British Literature, Period 1

10 May 2017

Victorian Era Women and Their Hardships

The victorian era was not a good time for women back then because they were

disregarded as human beings and almost thought to be slaves of man. In the Victorian age novel,

Tess of the Durbervilles(1892) by Thomas Hardy, A young girl by the name of Tess is looked at

as a pure and kind-hearted woman whose family has fallen on a hard time financially and needs

some extra money.

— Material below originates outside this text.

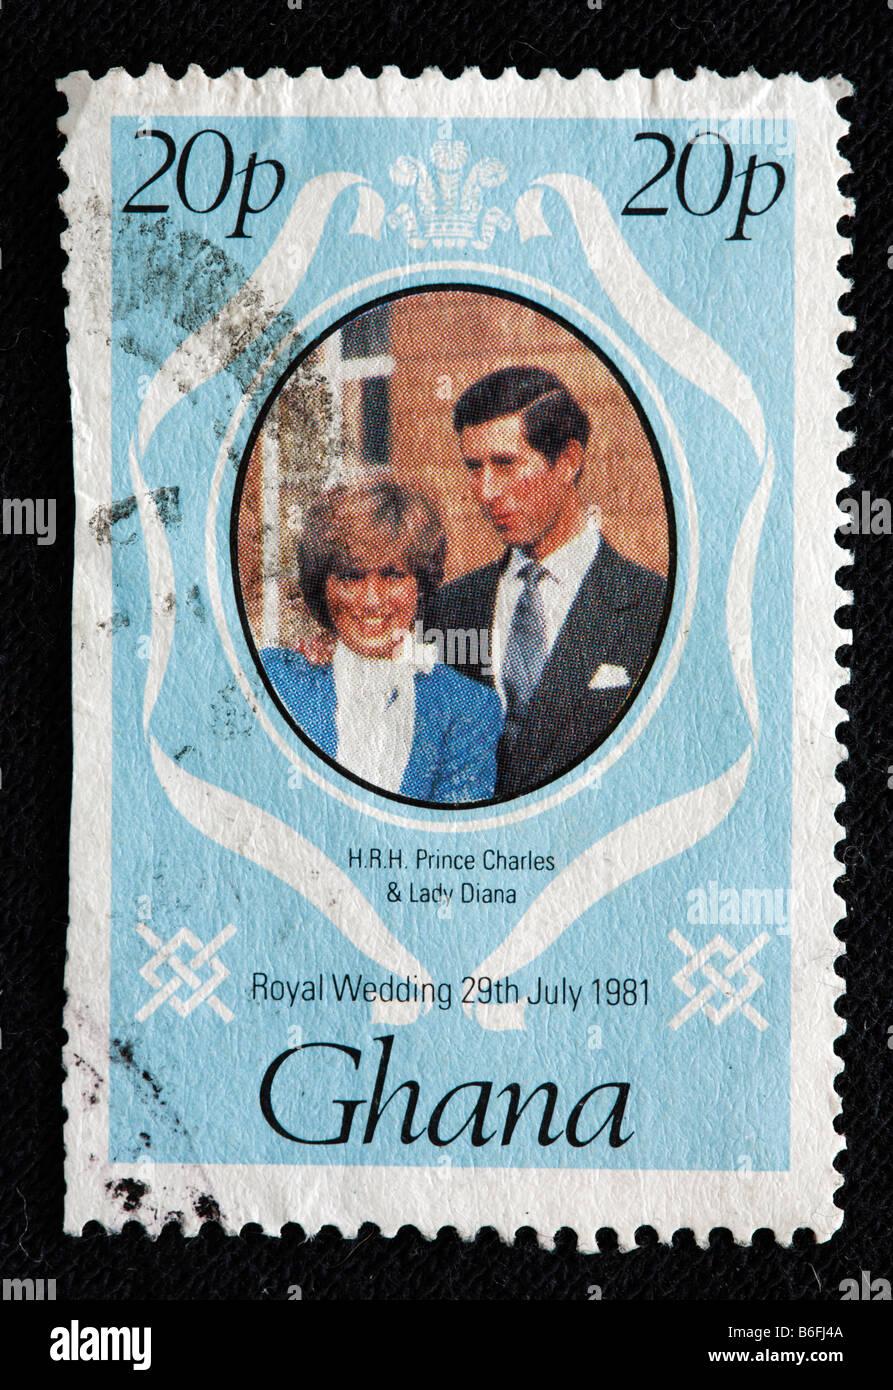 Mariage du Prince Charles et de Lady Diana le 29 juillet 1981, timbre-poste, Ghana, 1981 Banque D'Images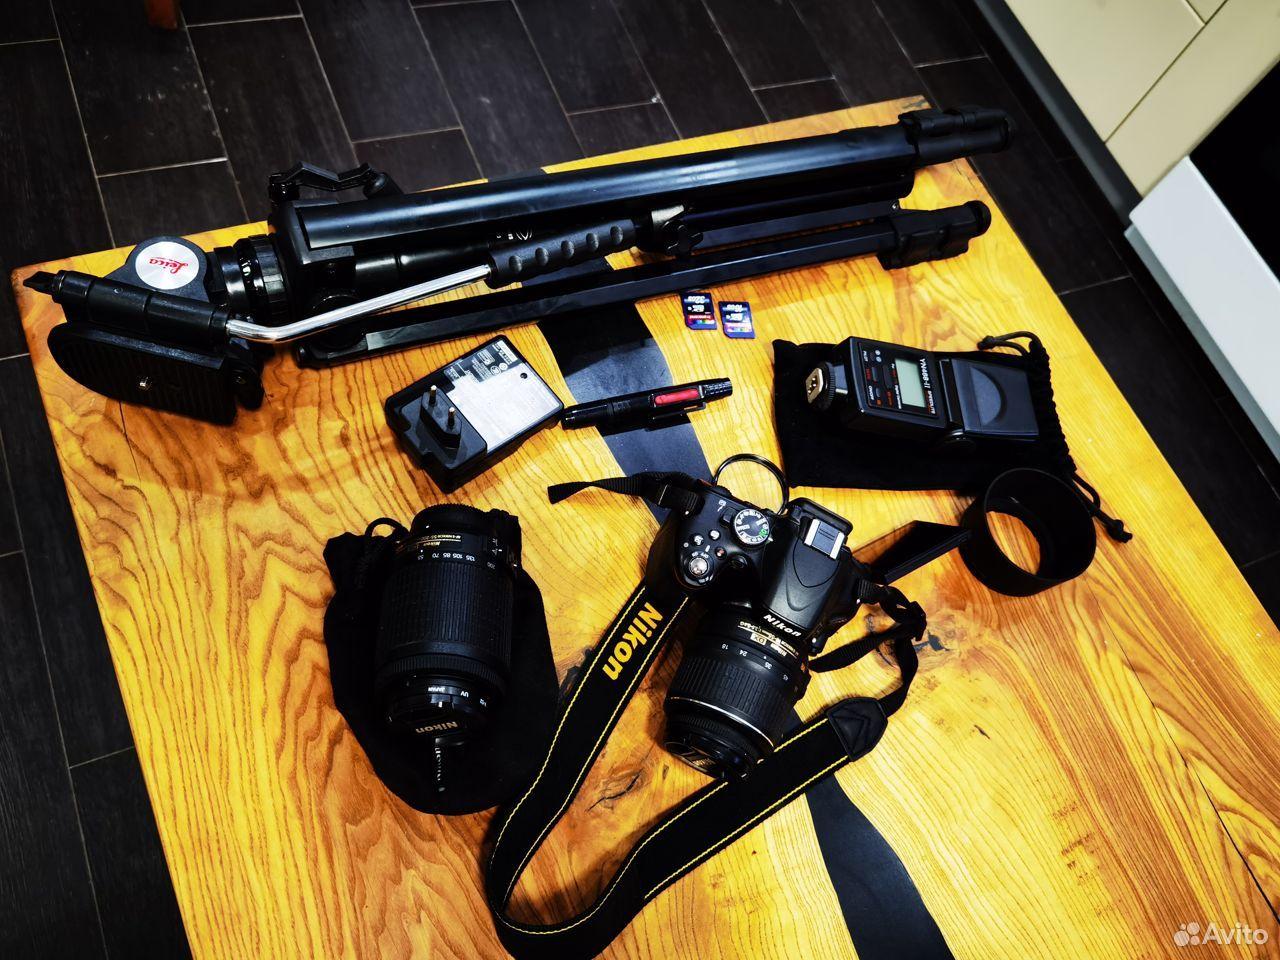 Зеркальный фотоаппарат Nikon D5100 Dauble VR Обмен  89185656006 купить 1

Tesss father discovers that they are actually part of the D'urbervilles name

and that Tess needs to go live with them so that she can make some money. She then meets a

man named Alec who is charming at first but begins to be really pushy. Later in the story this

man rapes her and she becomes pregnant but no one bats an eye because she is a woman. This

event begins the downwards spiral to inevitable death throughout the rest of the book. The

oppression of women in the victorian era was accurately portrayed through the text of Tess of the

D'urbervilles. Not only were women oppressed but they were seen as the property of man and

that they could do whatever they wanted to do to them without anyone caring at all because it

was such a normal occurrence back then; especially if they were born into a low status.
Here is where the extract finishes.